## TASK TO CARRY OUT
Only an exact copy is wanted: the lines from the one holding "Оформление биометрических паспортов" through the last line below, minus the pictures.

## DATA

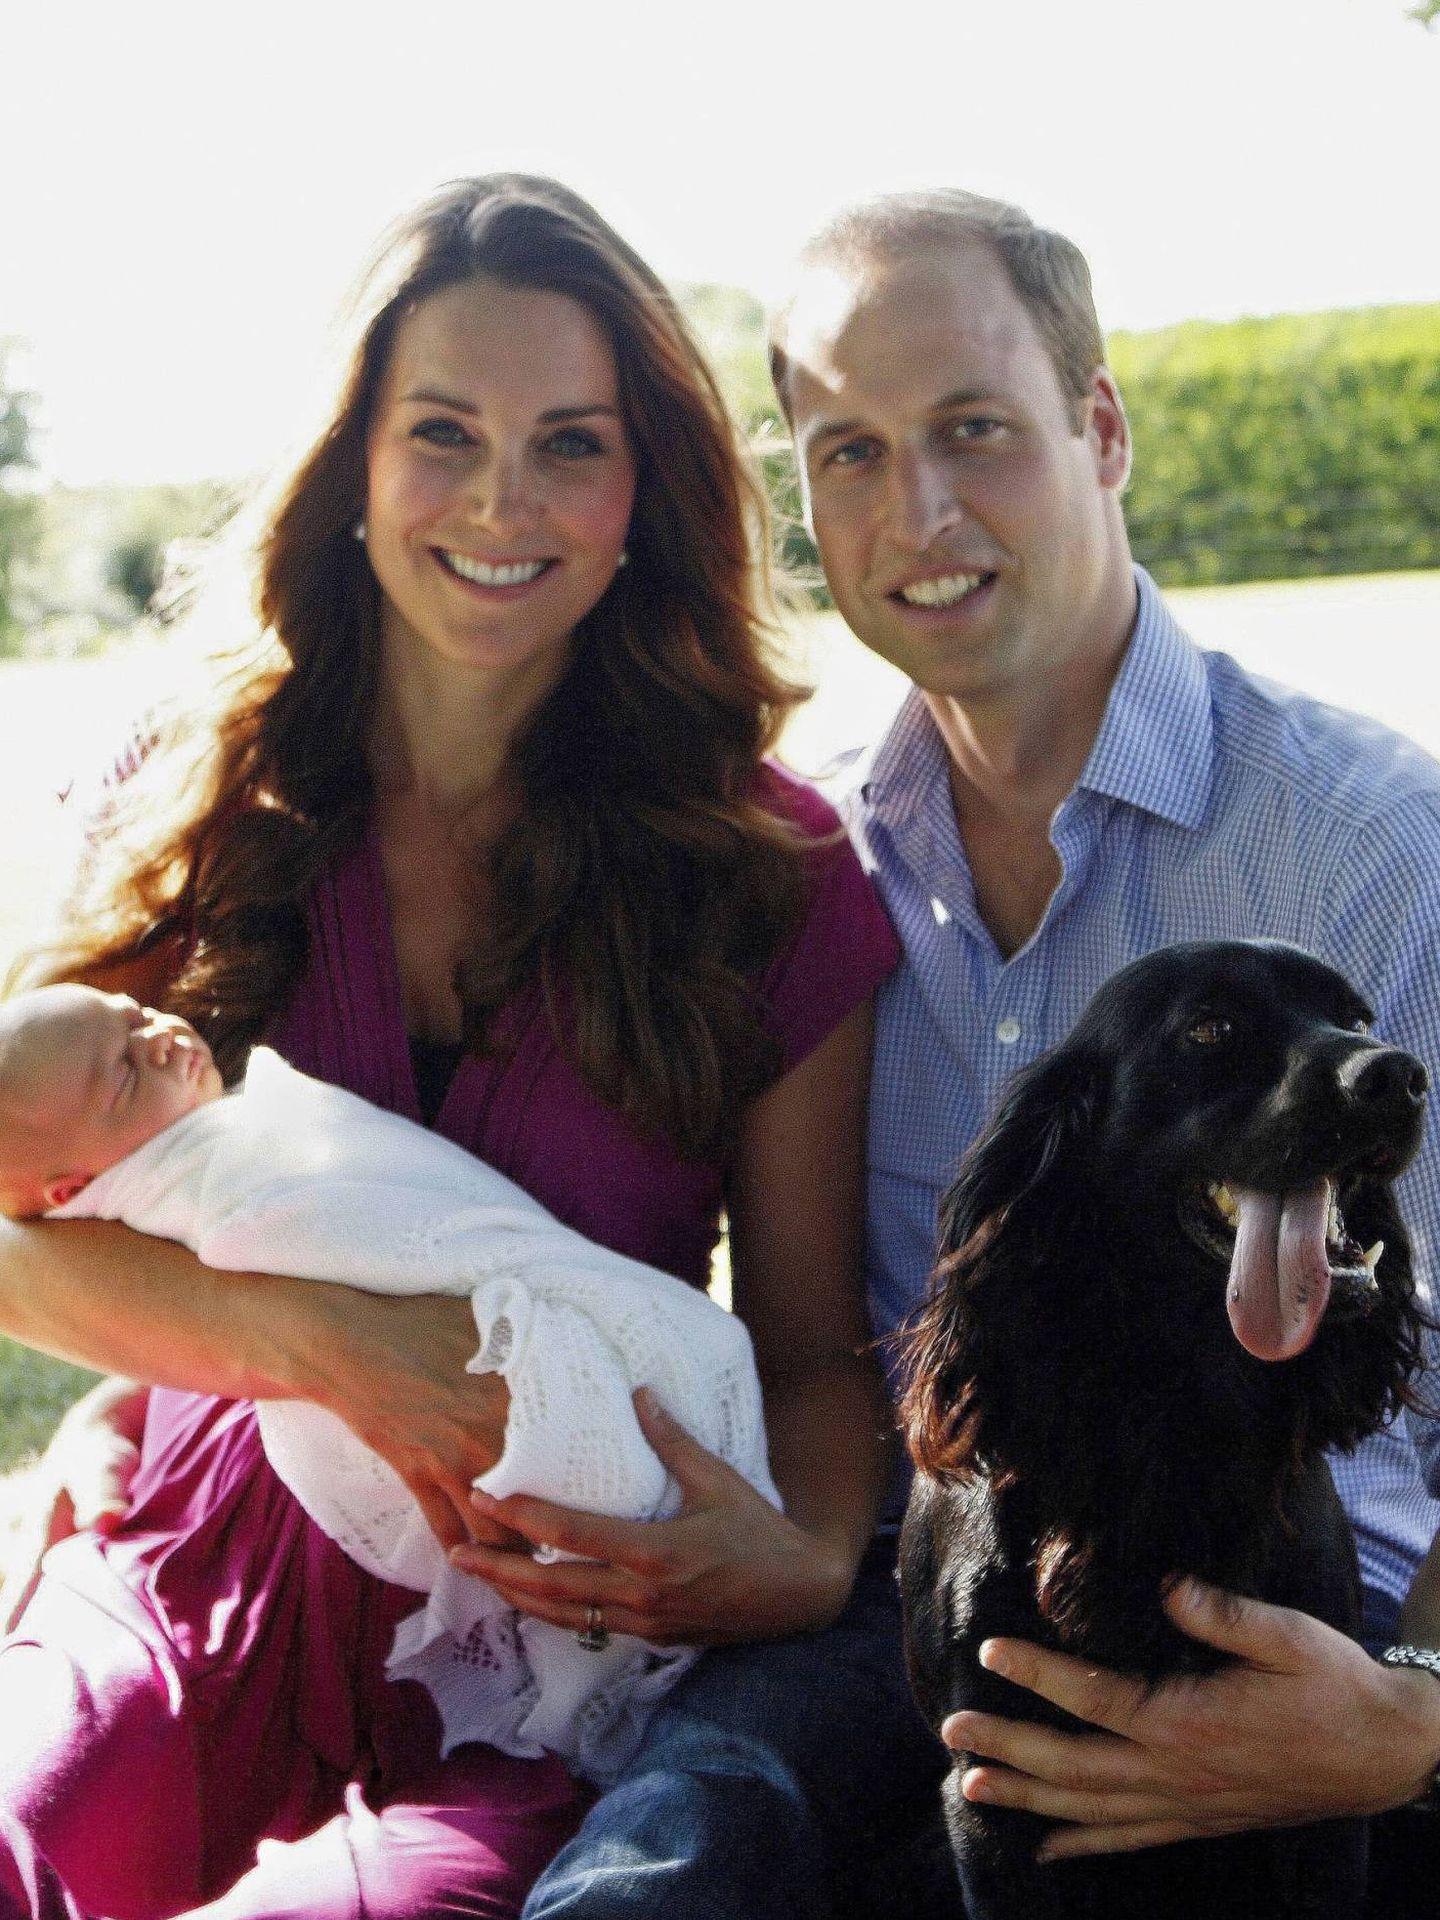 Guillermo y Kate, con el príncipe George en brazos y junto a su perro Lupo. (Michael Middleton, Palacio de Kensington)
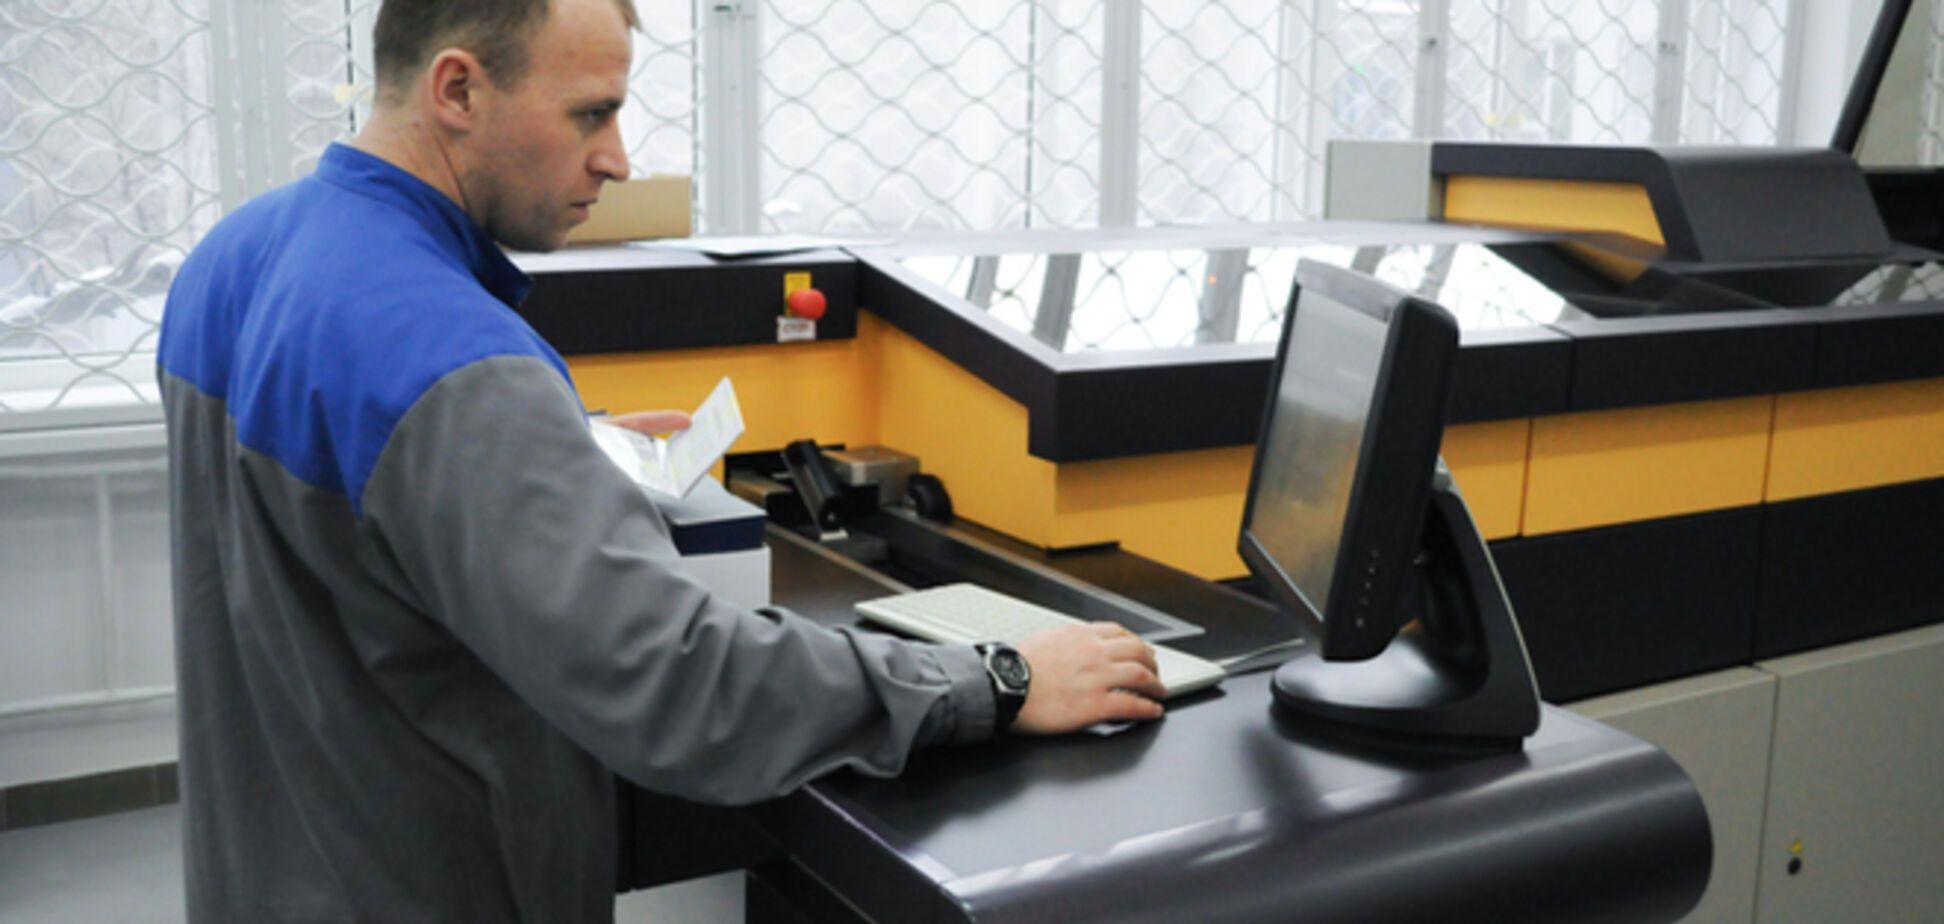 Оформление биометрических паспортов в Украине приостановлено: система зависла на первом же клиенте
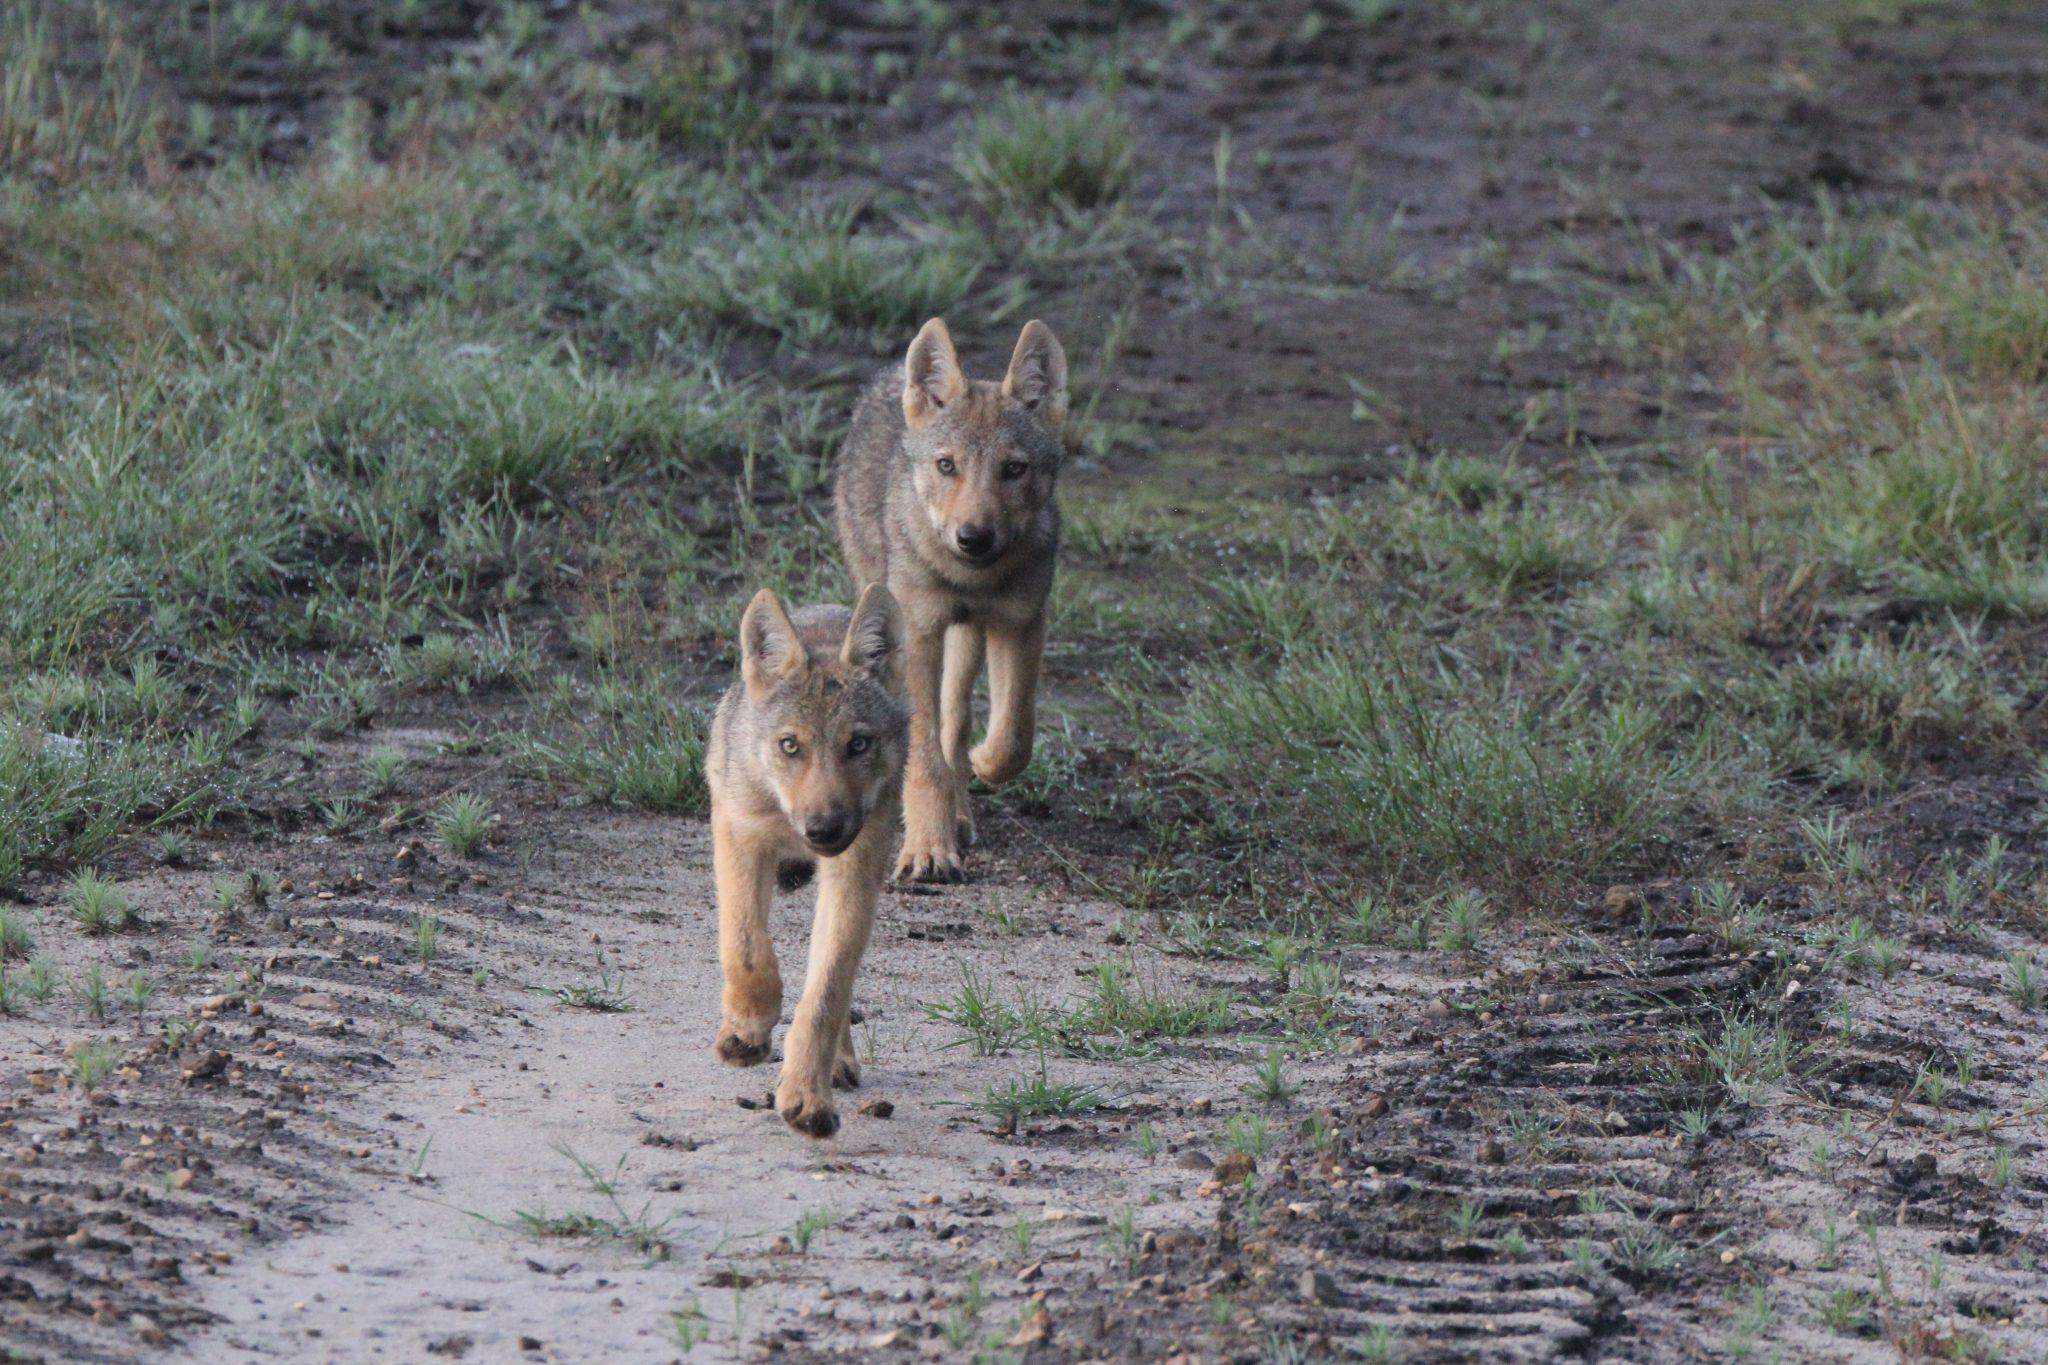 Bereits neun Wolfsrudel gibt es allein in Niedersachsen. Im Rahmen einer gemeinnützigen Biosphere Expedition sollen nun Laienforscher Daten über ihr Verbreitungsgebiet sammeln. (Foto: Theo Gruentjens)

## SOLUTION TO THIS EXERCISE
 Оформление биометрических паспортов в Украине приостановлено: система зависла на первом же клиенте
 Bereits neun Wolfsrudel gibt es allein in Niedersachsen. Im Rahmen einer gemeinnützigen Biosphere Expedition sollen nun Laienforscher Daten über ihr Verbreitungsgebiet sammeln. (Foto: Theo Gruentjens)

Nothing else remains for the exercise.